All of lore.kernel.org
 help / color / mirror / Atom feed
From: Pavel Butsykin <pbutsykin@virtuozzo.com>
To: qemu-devel@nongnu.org, qemu-block@nongnu.org
Cc: kwolf@redhat.com, mreitz@redhat.com, den@openvz.org,
	eblake@redhat.com, armbru@redhat.com
Subject: [Qemu-devel] [PATCH v2 15/18] block/pcache: pick up parts of the cache
Date: Fri, 30 Dec 2016 17:31:39 +0300	[thread overview]
Message-ID: <20161230143142.18214-16-pbutsykin@virtuozzo.com> (raw)
In-Reply-To: <20161230143142.18214-1-pbutsykin@virtuozzo.com>

Provided that the request size is less than the readahead size, a partial cache
hit can occur in the following three cases:
1. The request covers the bottom part of the node
2. The request covers the upper part of the node
3. The request is between two nodes and partially covers both of them

The function pickup_parts_of_cache() covers all three cases and for the
uncached part of the request it creates a new request.
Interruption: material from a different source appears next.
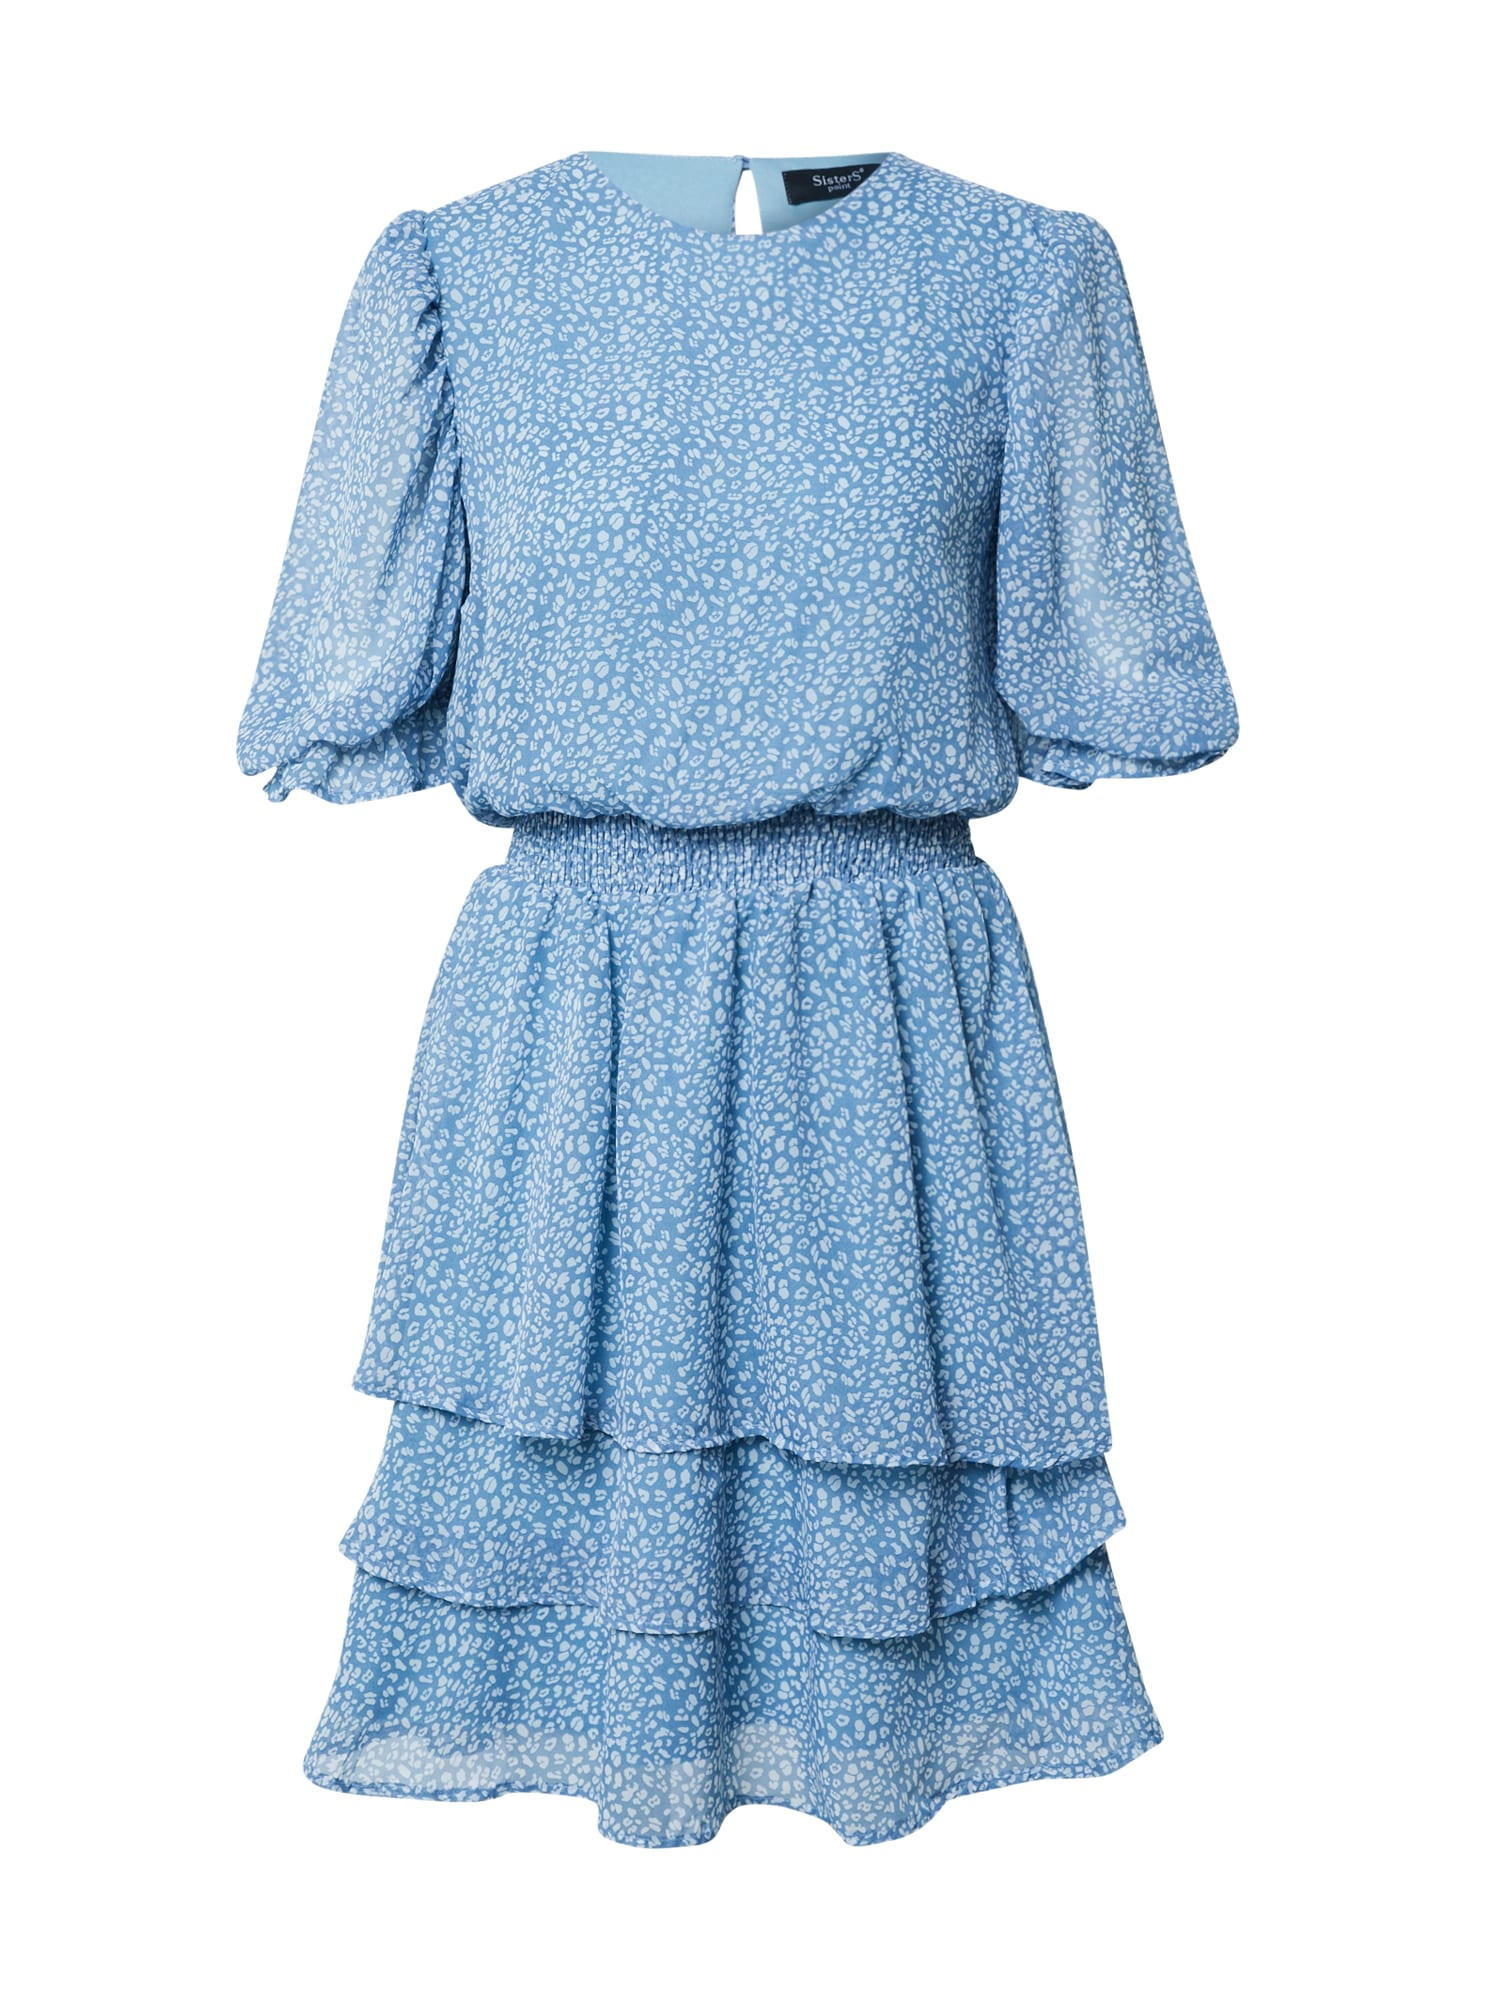 SISTERS POINT Šaty 'NICOLINE'  biela / dymovo modrá

Signed-off-by: Pavel Butsykin <pbutsykin@virtuozzo.com>
---
 block/pcache.c | 174 ++++++++++++++++++++++++++++++++++++++++++++++++++++++---
 1 file changed, 166 insertions(+), 8 deletions(-)
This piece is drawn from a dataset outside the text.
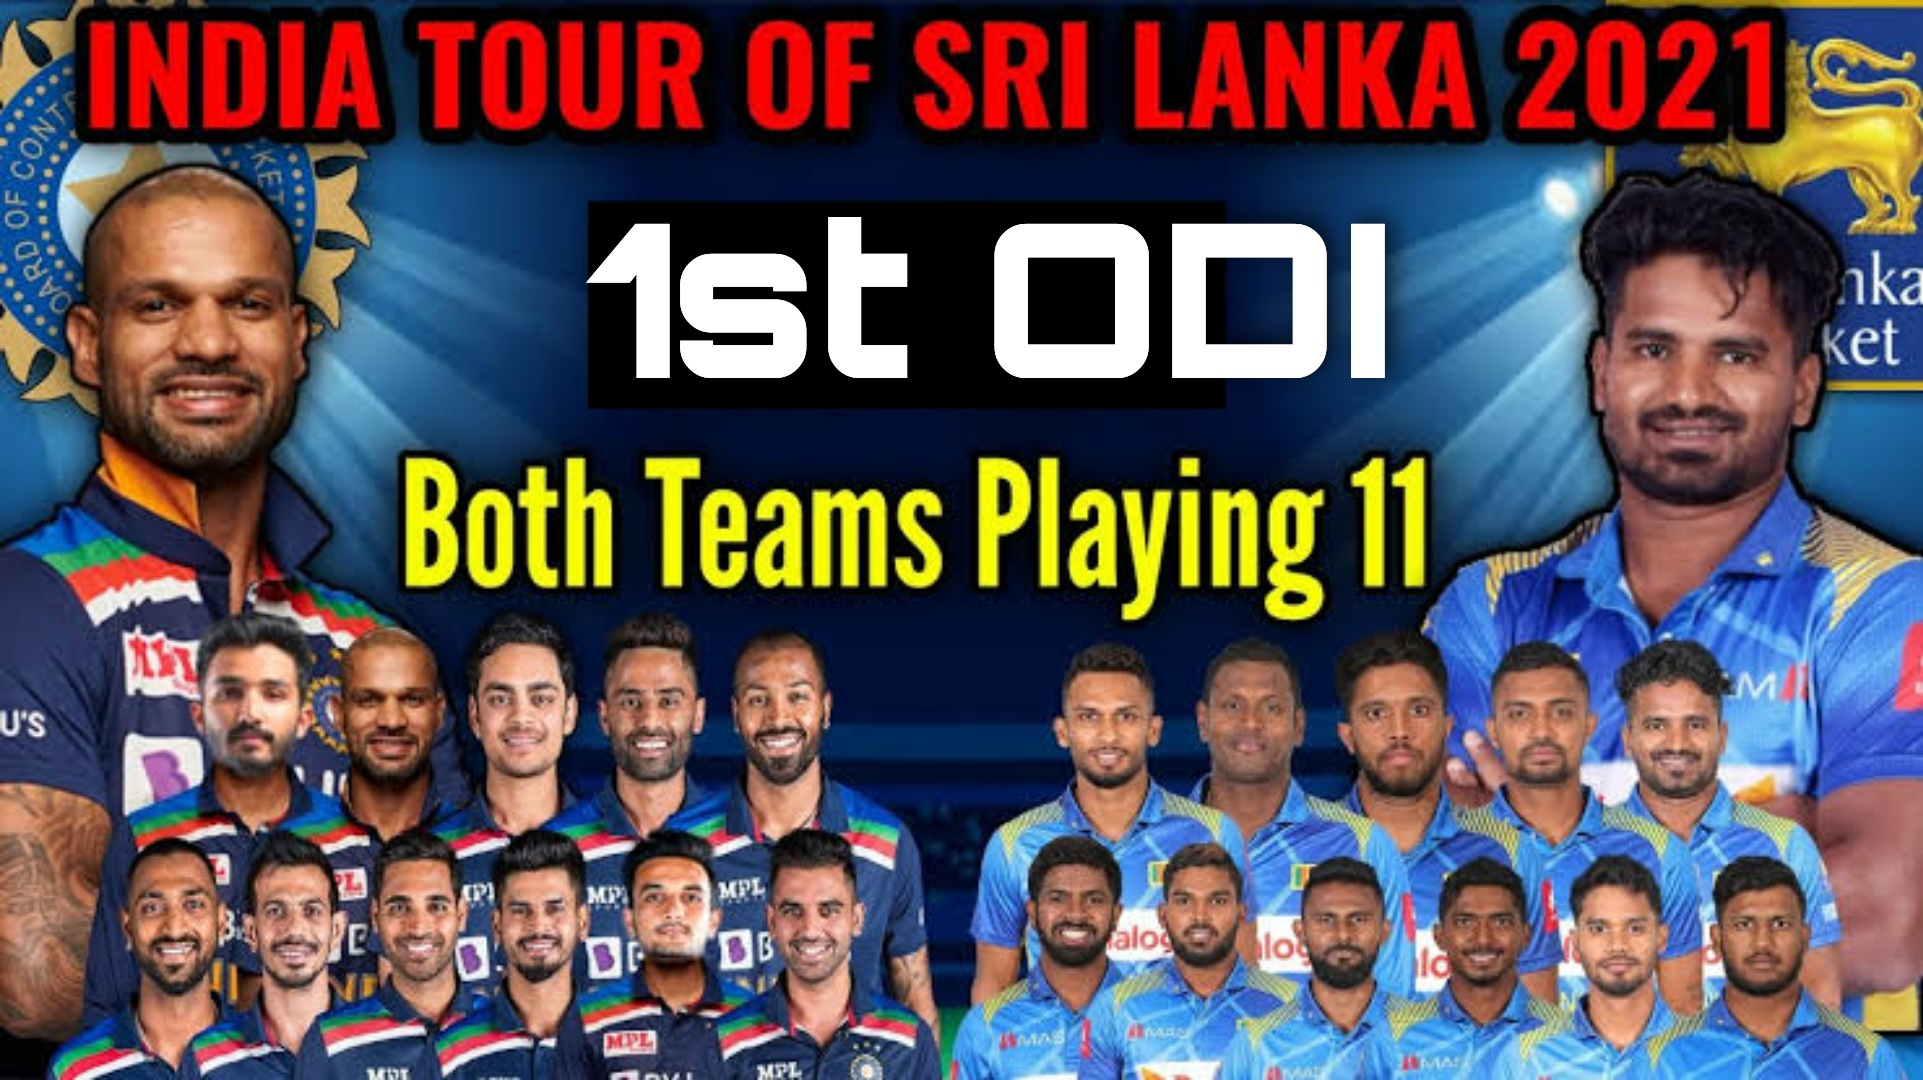 Sri Lanka Vs India 1st ODI Live Streaming | Playing 11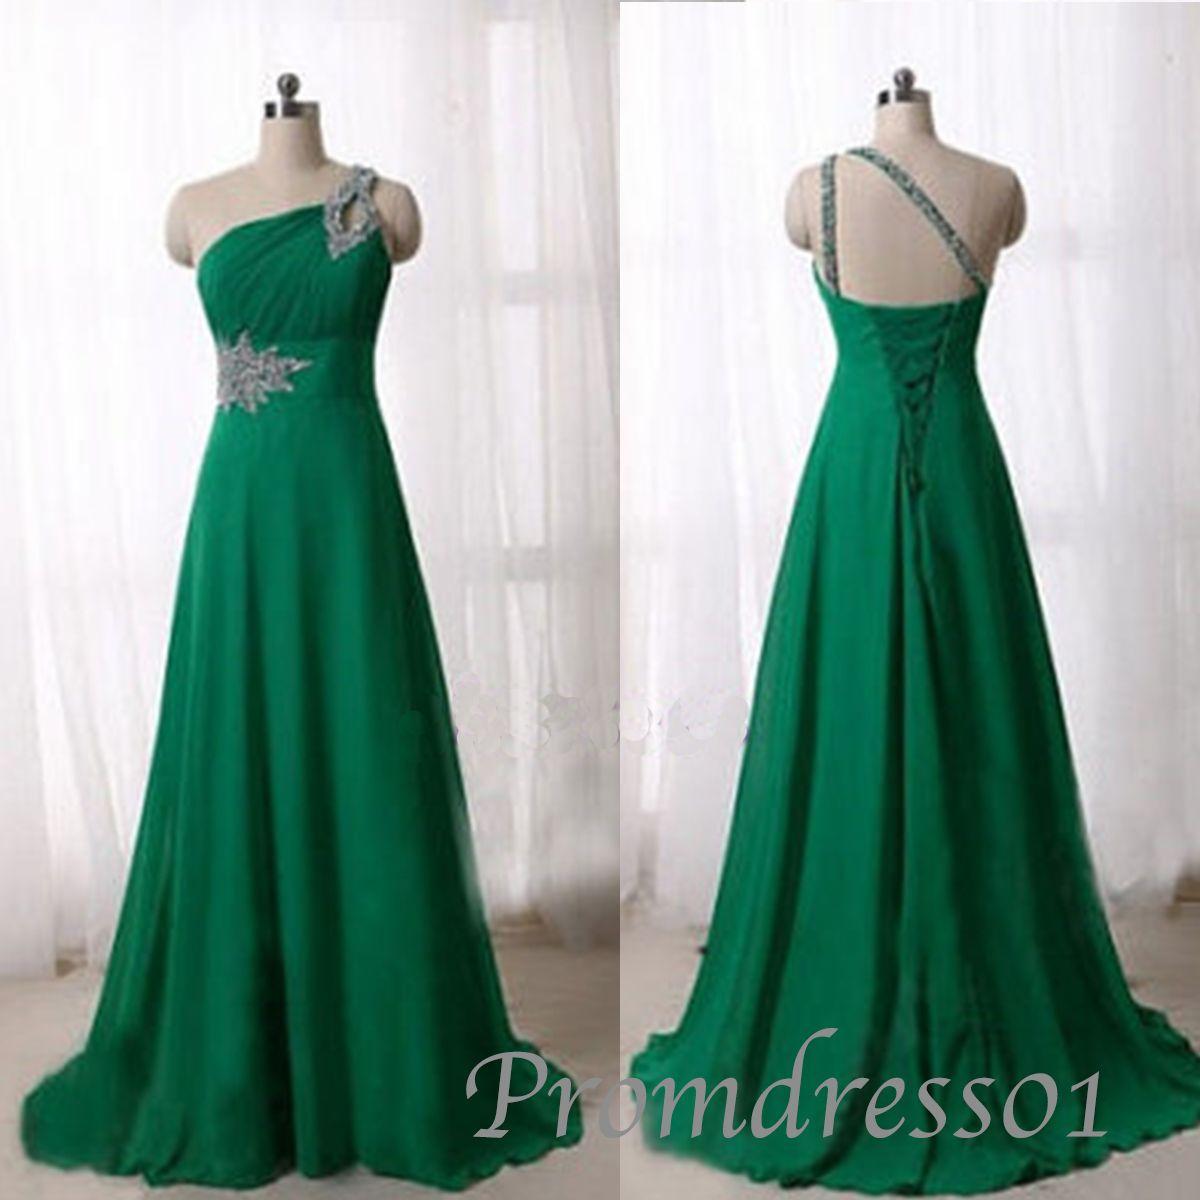 Elegant one shoulder green chiffon prom dress promdress dress

diff --git a/block/pcache.c b/block/pcache.c
index 86b28de44b..3f89e40b05 100644
--- a/block/pcache.c
+++ b/block/pcache.c
@@ -10,6 +10,7 @@
  */
 
 #include "qemu/osdep.h"
+#include "qemu/error-report.h"
 #include "block/block_int.h"
 #include "qapi/error.h"
 #include "qapi/qmp/qstring.h"
@@ -355,6 +356,153 @@ static void pcache_readahead_entry(void *opaque)
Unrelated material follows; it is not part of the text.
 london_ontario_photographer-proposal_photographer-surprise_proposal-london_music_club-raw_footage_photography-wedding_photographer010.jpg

                         readahead_co->bytes);
 }
 
+/*
+ * Provided that the request size is less or equal than the readahead size,
+ * a partial cache hit can occur in the following three cases:
+ * 1. The request covers the bottom part of the node.
+ * 2. The request covers the upper part of the node.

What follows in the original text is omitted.